__Work item__: Restate the following data in its entirety, word for word and without images.

__Exercise data__:
§

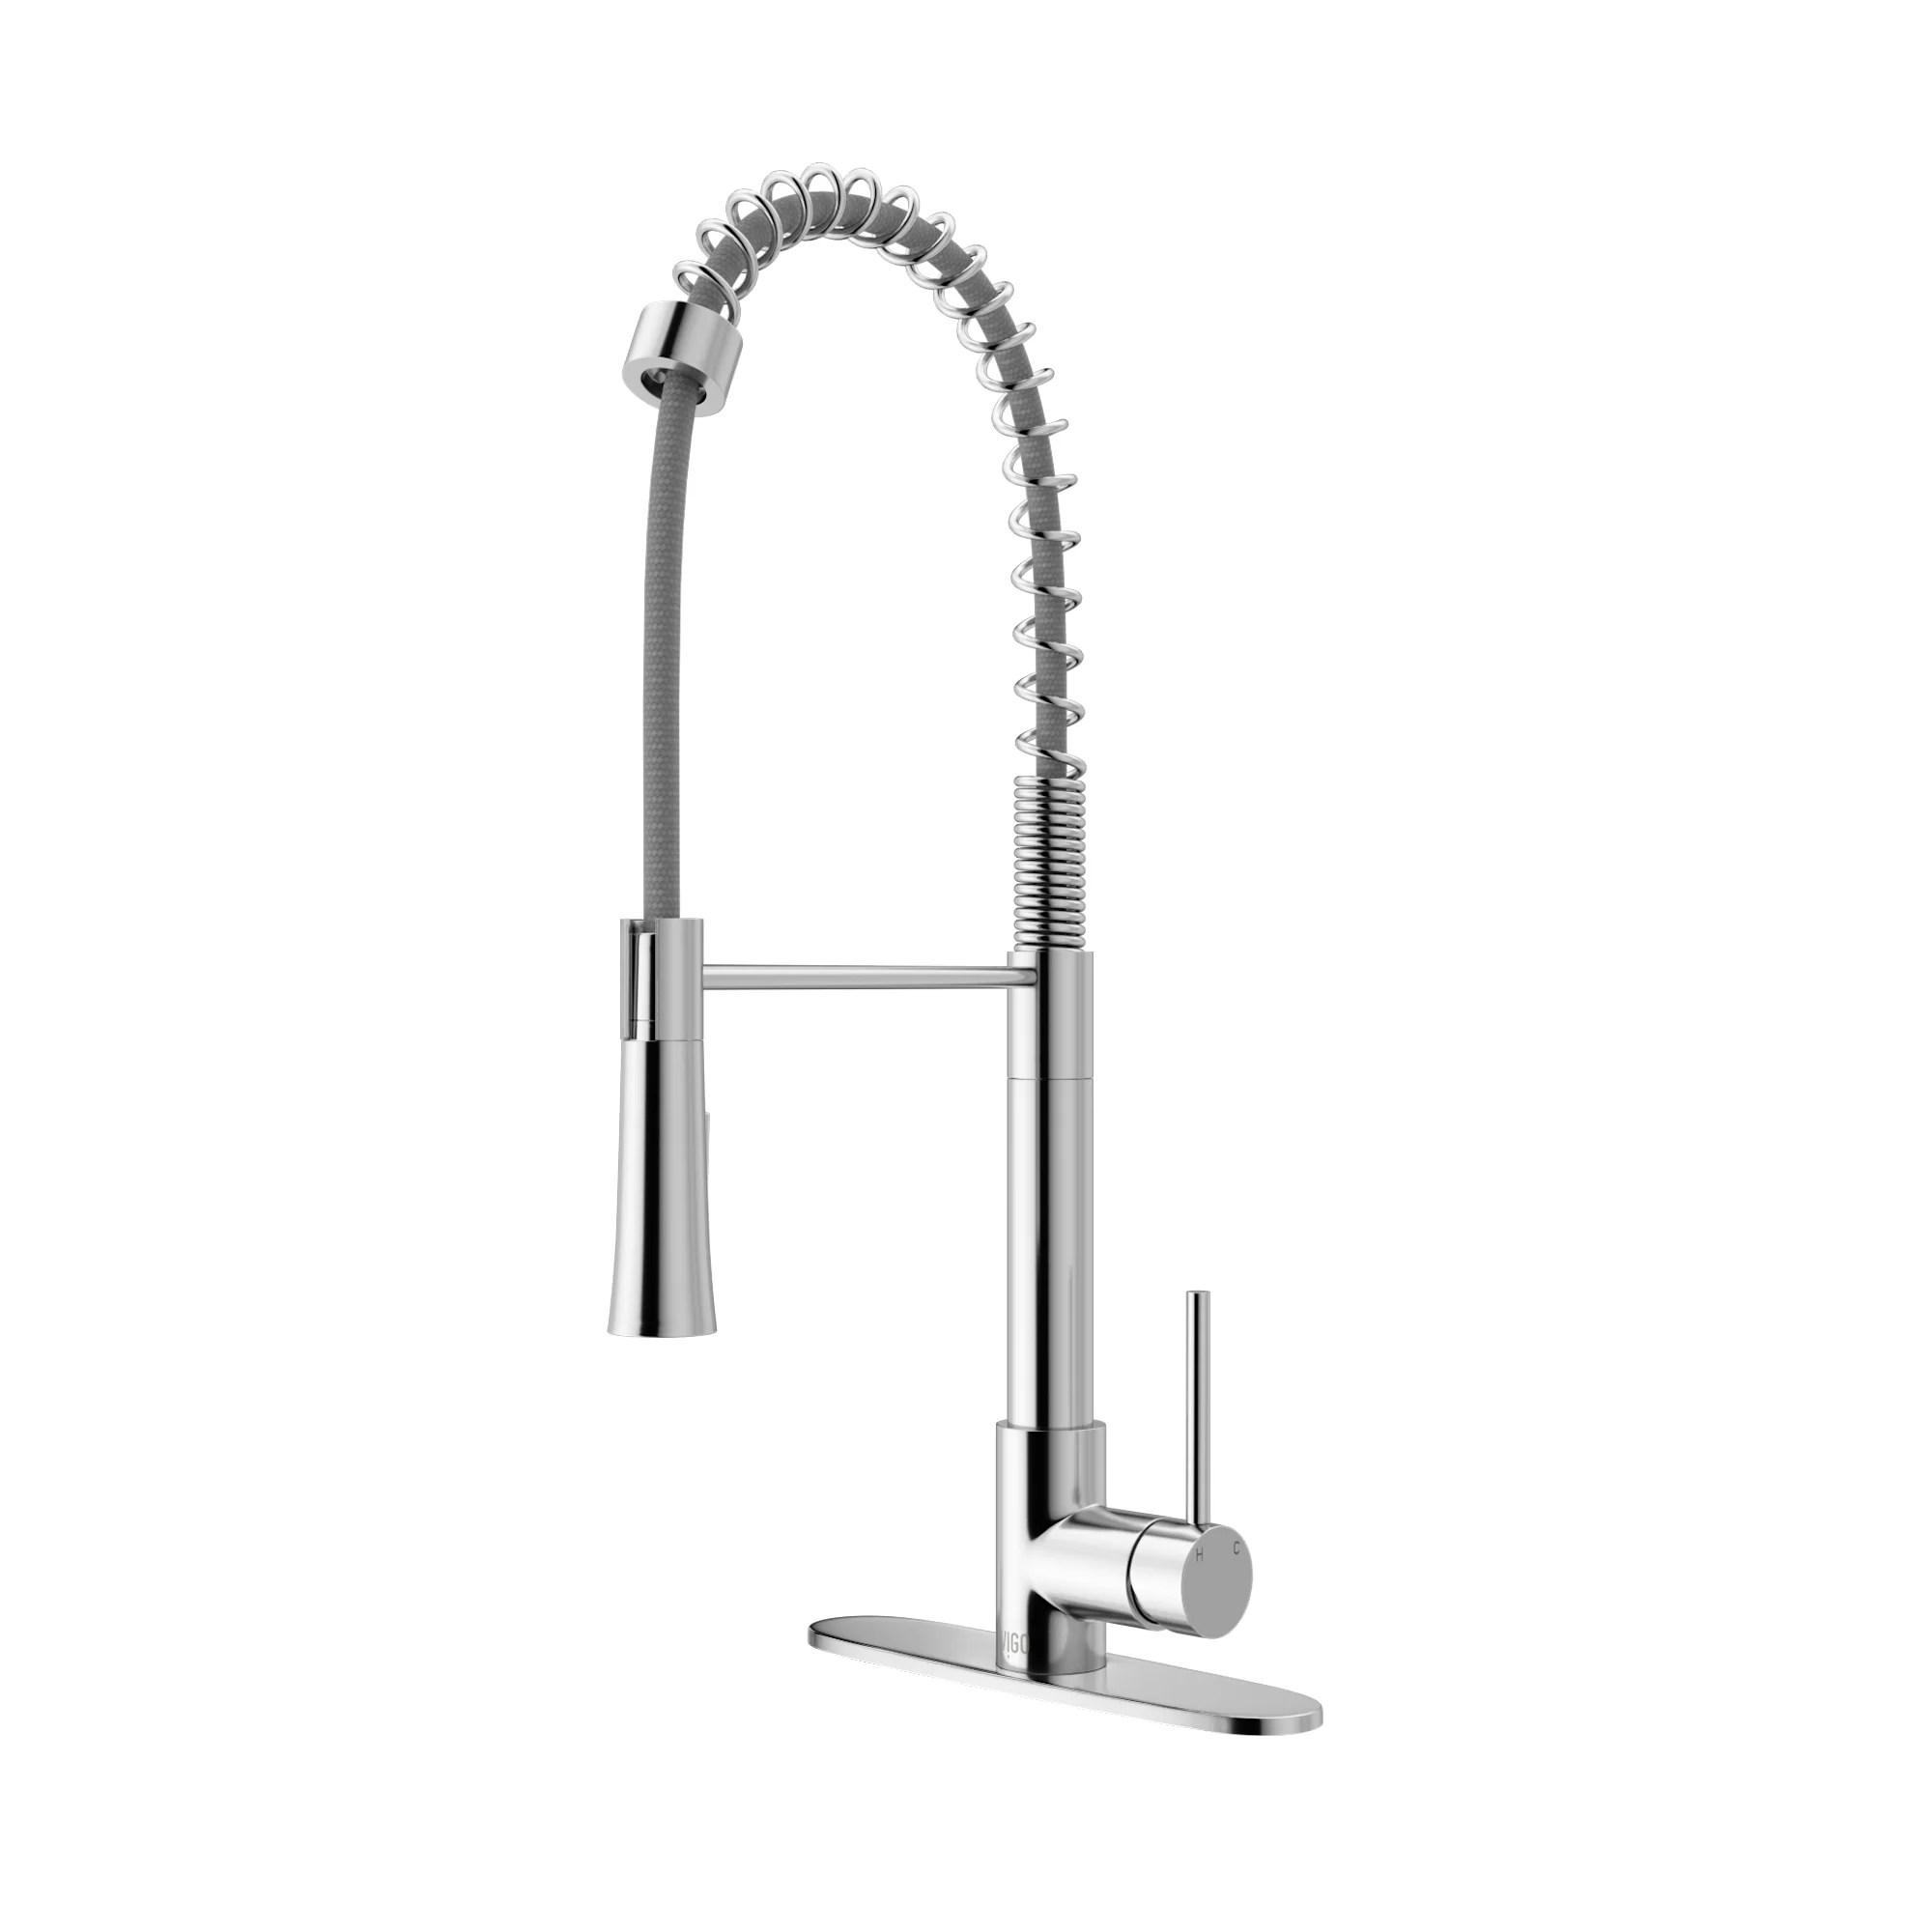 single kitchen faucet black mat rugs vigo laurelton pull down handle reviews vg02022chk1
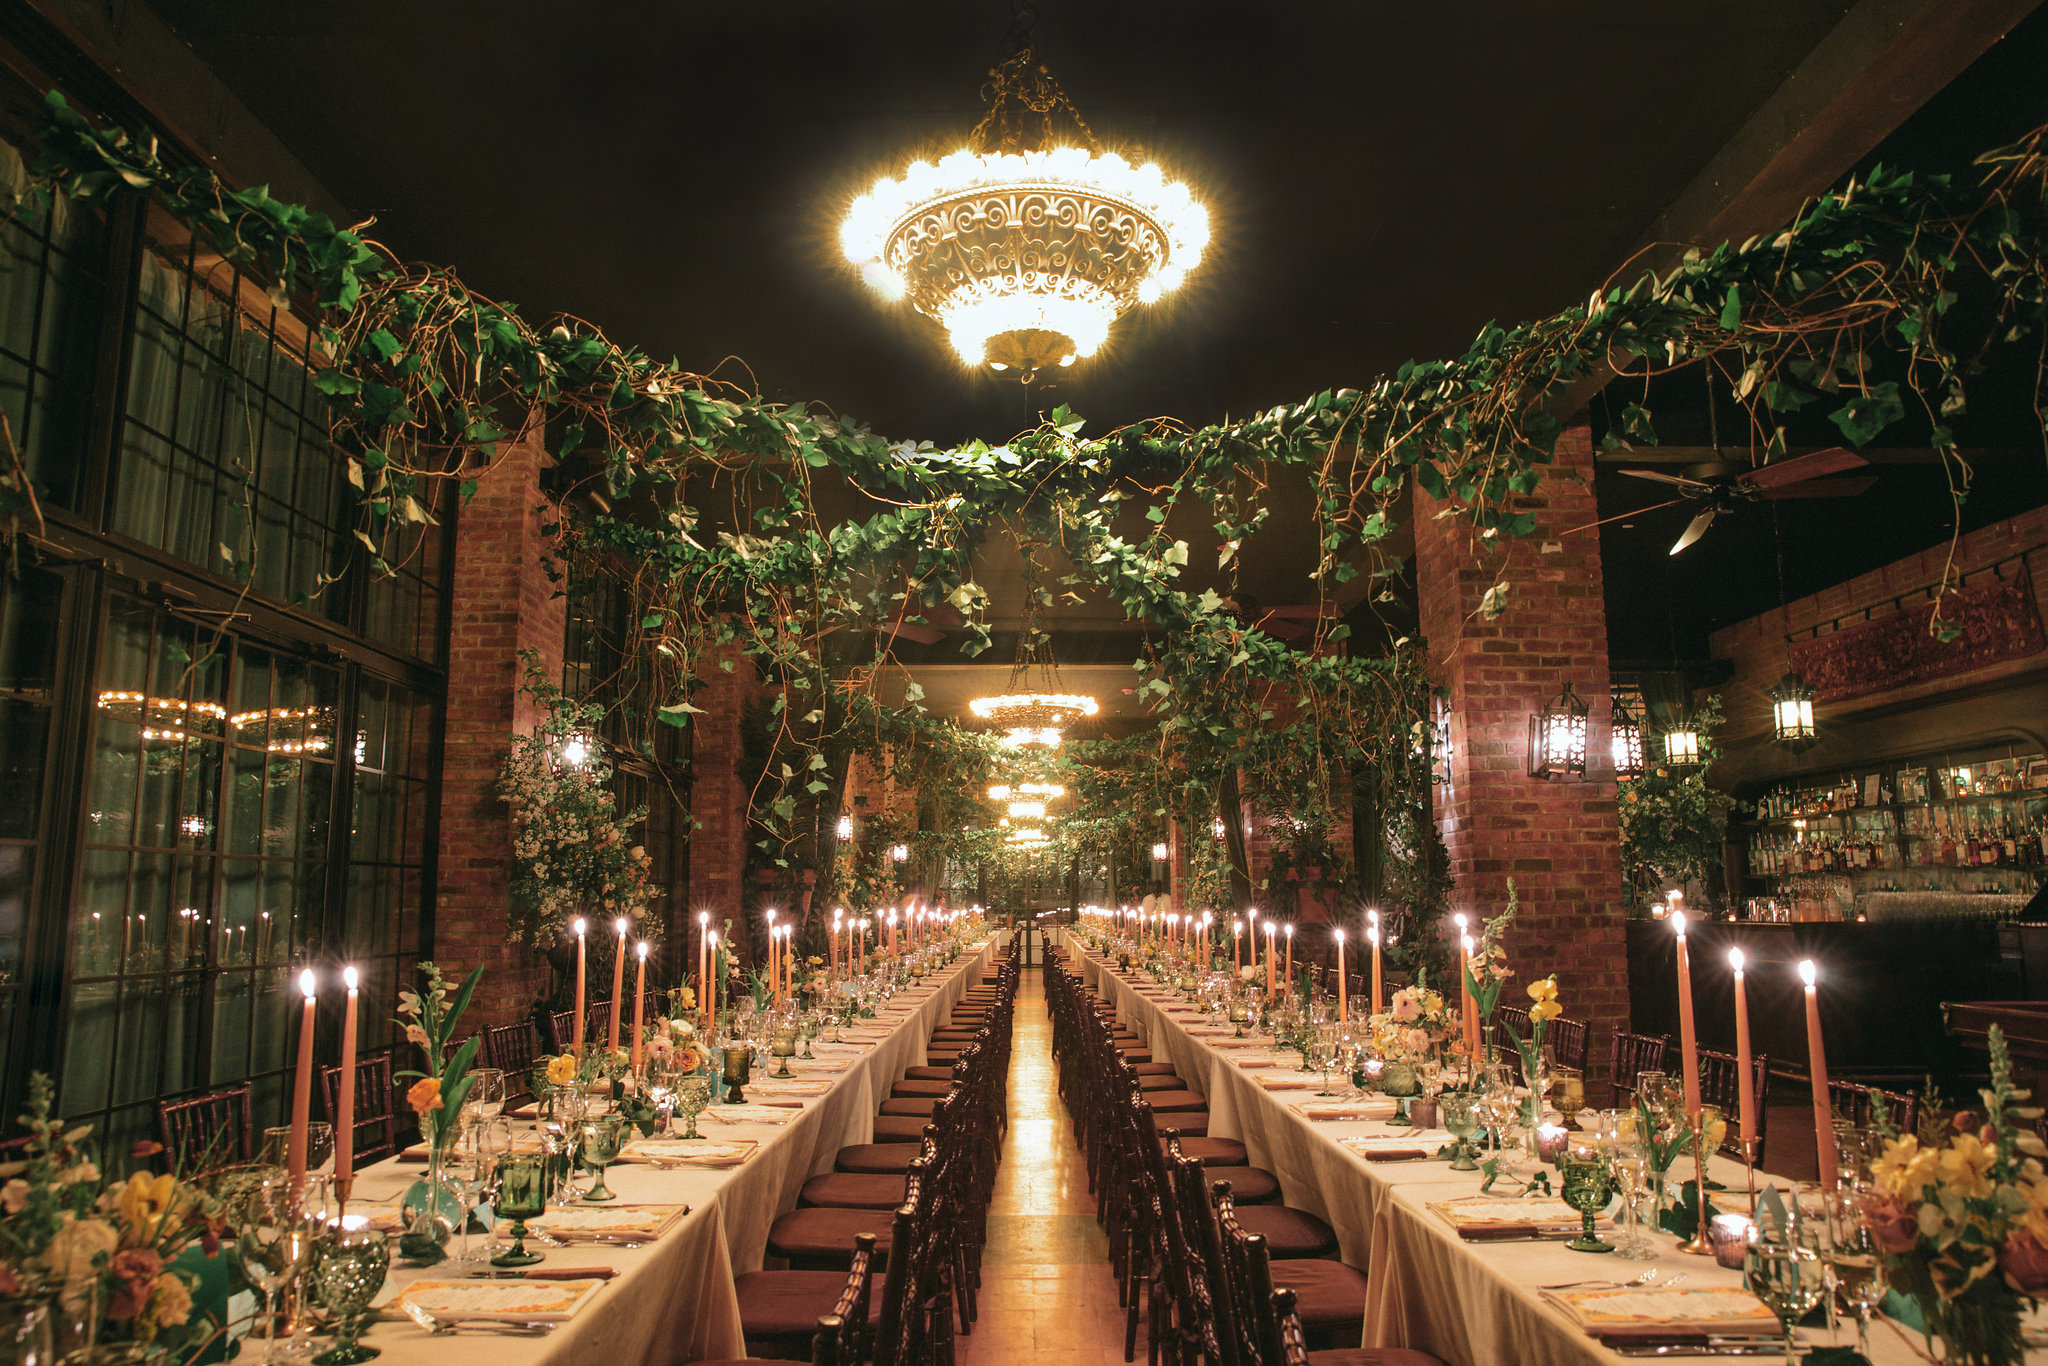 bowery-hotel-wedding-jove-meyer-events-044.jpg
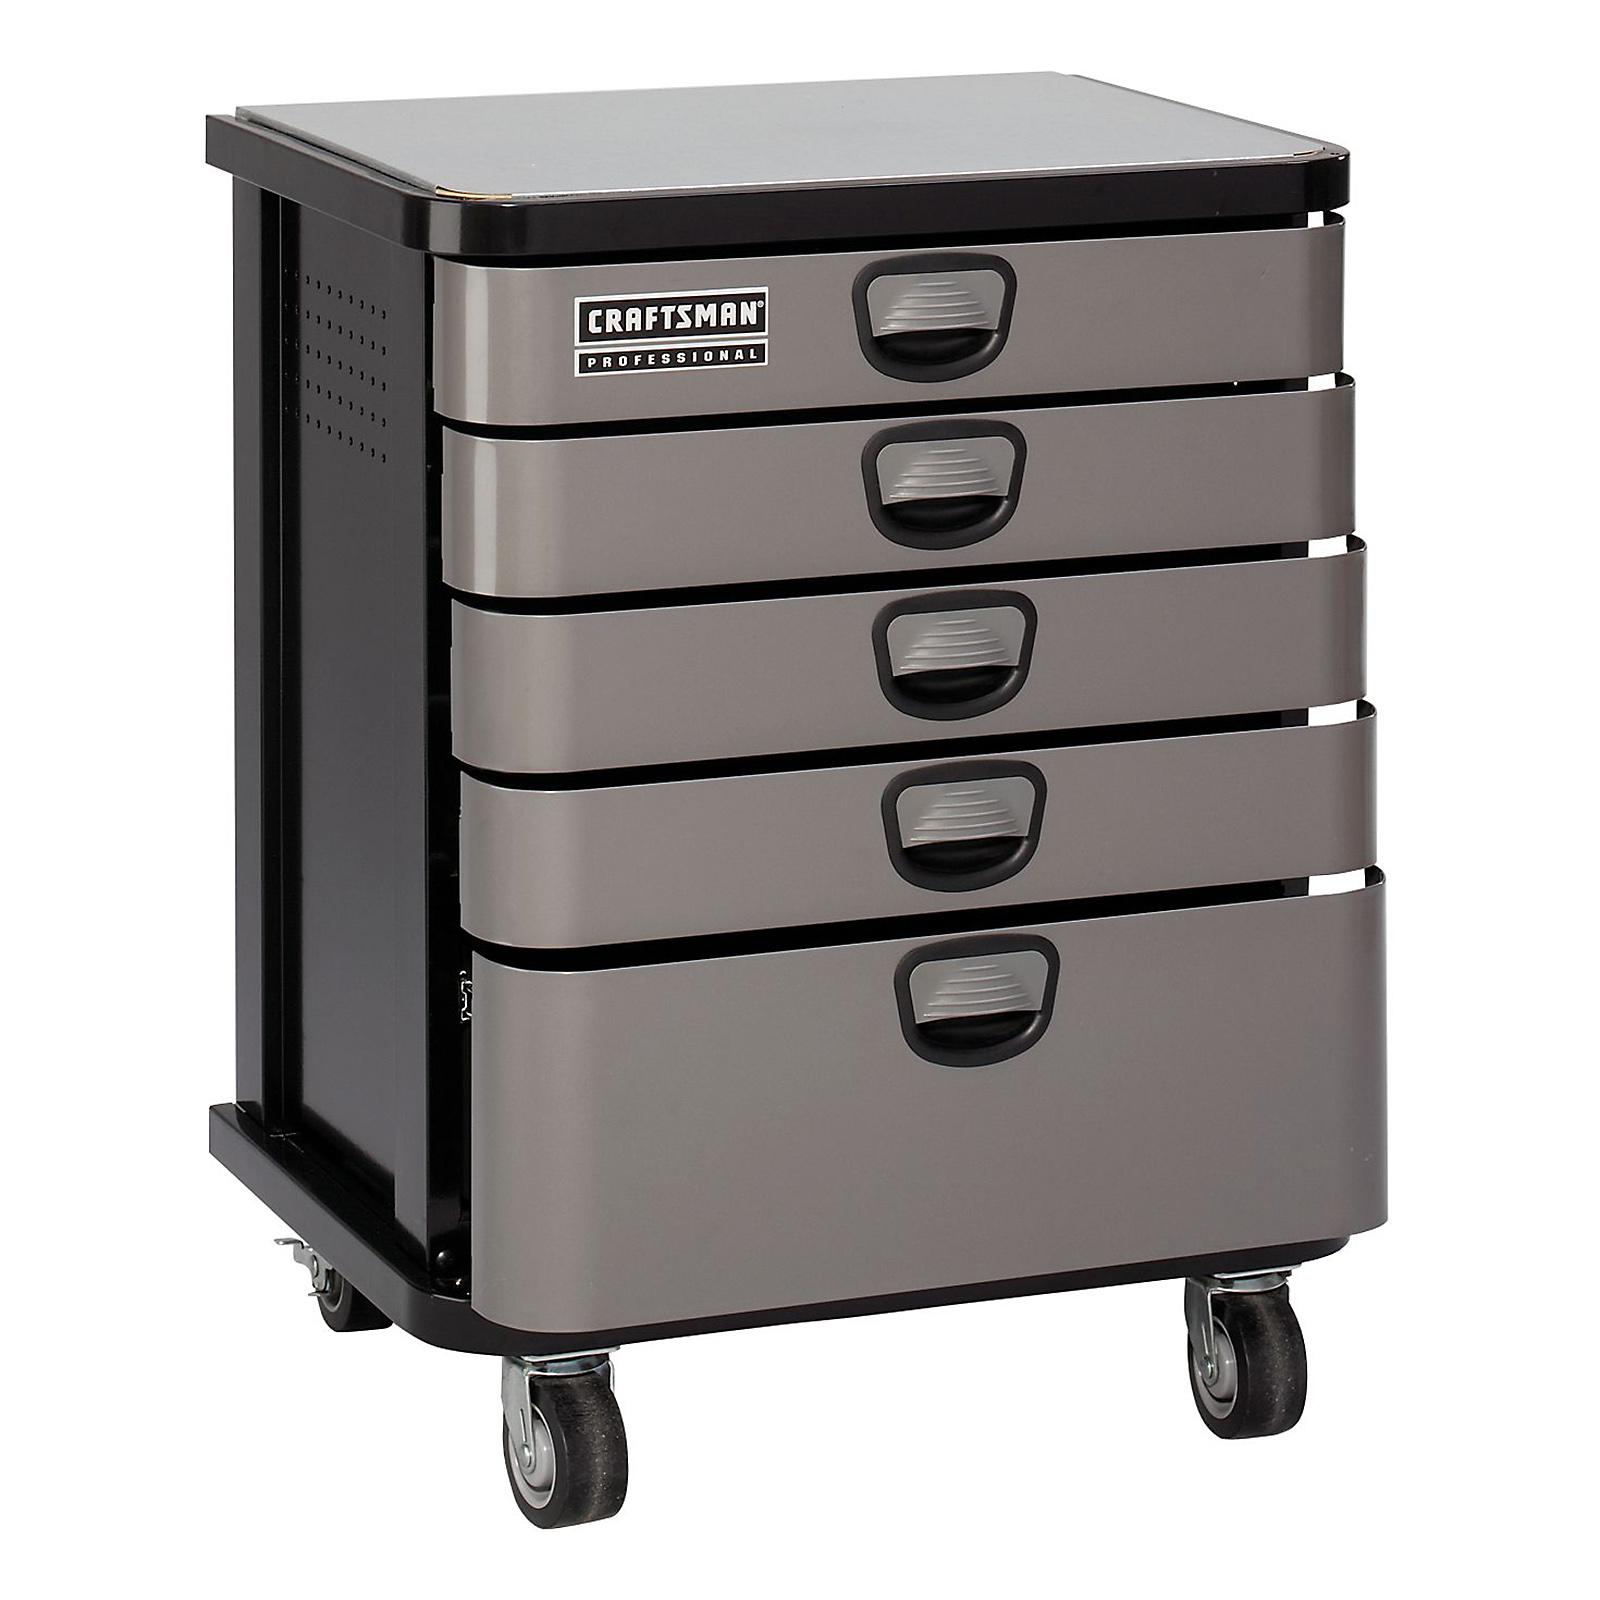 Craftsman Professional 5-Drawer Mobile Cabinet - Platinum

§

__Answer for this exercise__:
 single kitchen faucet black mat rugs vigo laurelton pull down handle reviews vg02022chk1
 bowery-hotel-wedding-jove-meyer-events-044.jpg
 Craftsman Professional 5-Drawer Mobile Cabinet - Platinum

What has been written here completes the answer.